LabGenius’ Field agreed, reflecting that it will take a close collaboration between data scientists and biologists, aka the “unicorn of the talent gap”. To this end, Octopus’ Choudry stated that early points in education systems and syllabuses can promote the cross-pollination of engineering and biology, instead of keeping them separate systems. 

Benchling: Half software, half scientists

Wickramasekara believes that the cultural challenges are tougher for those organisations who have been around for a while and have operated one way. However, he said he is cautiously optimistic: the best thing from ChatGPT and being in vogue is that it has gotten “curmudgeonly folks” to consider the possibilities. There is now an awareness, which is, he said, “an incredible motivator.” 

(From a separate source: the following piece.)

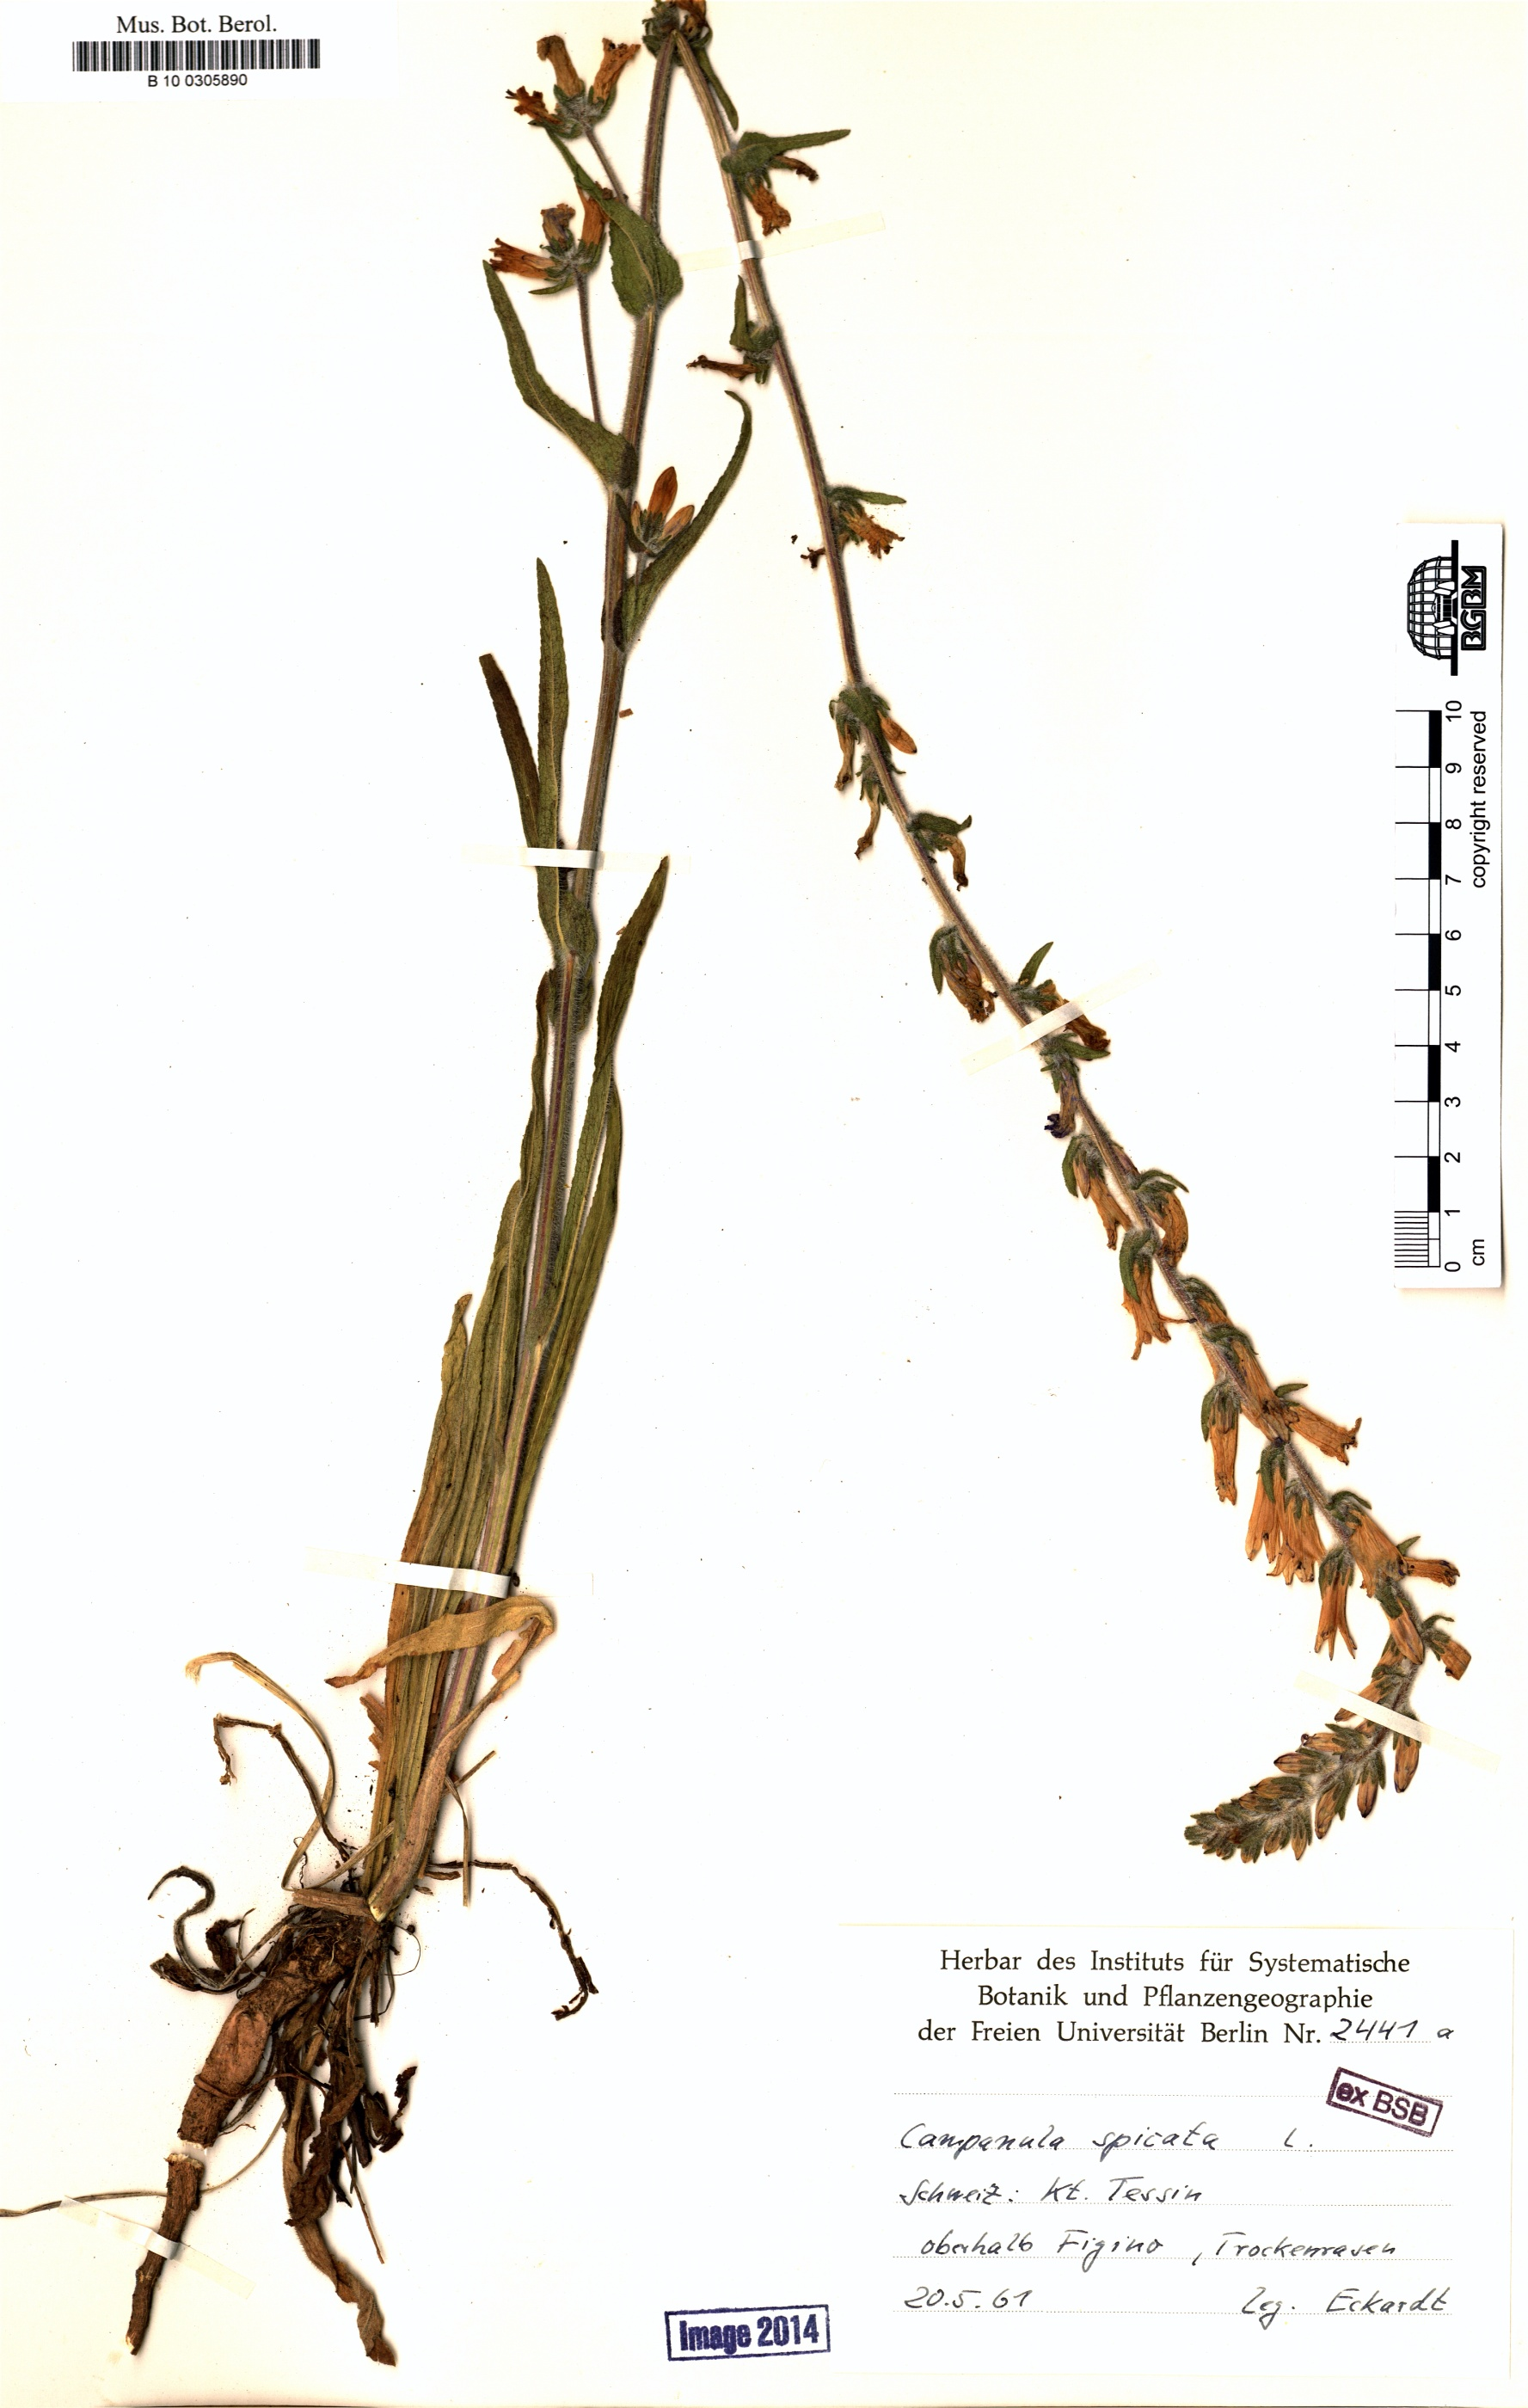 http://ww2.bgbm.org/herbarium/images/B/10/03/05/89/B_10_0305890.jpg

In consideration of overall impact, it was noted that a survey had looked at the highest areas of impact with tech. Unsurprisingly, AI/ML were lowest in terms of expected impact. For LabGenius, it’s all dependent on the end form of the molecule, though. Field thinks there’s a nuance to the way in which the scientific process is changing, and ML is imbuing it every single step of the way: “There’s not one big problem that needs to be solved. They’re hammers, and every single problem requires a hammer suitable to it. Perhaps ML is the hammer, but it might not be,” he said.

Future excitement

Cambrium’s ‘excitement’, meanwhile, is over the natural energy between proteins and natural language processing (NLP). Proteins, Salvy explained, are a string of letters and all progress through the NLP vertical can be mapped into ML. At the time of the roundtable, Cambrium were working with NVIDIA on a programme language model: “Out of a mathematical equation, you get proteins. Out of nowhere, [they] will materialise. It is absolutely Sci-Fi, but it’s actually working,” he said.

On the subject of hype when it comes to these technologies, Field cautioned that “there is clearly a bubble in generative AI,” but that the onus is on them to “temper this with reality.”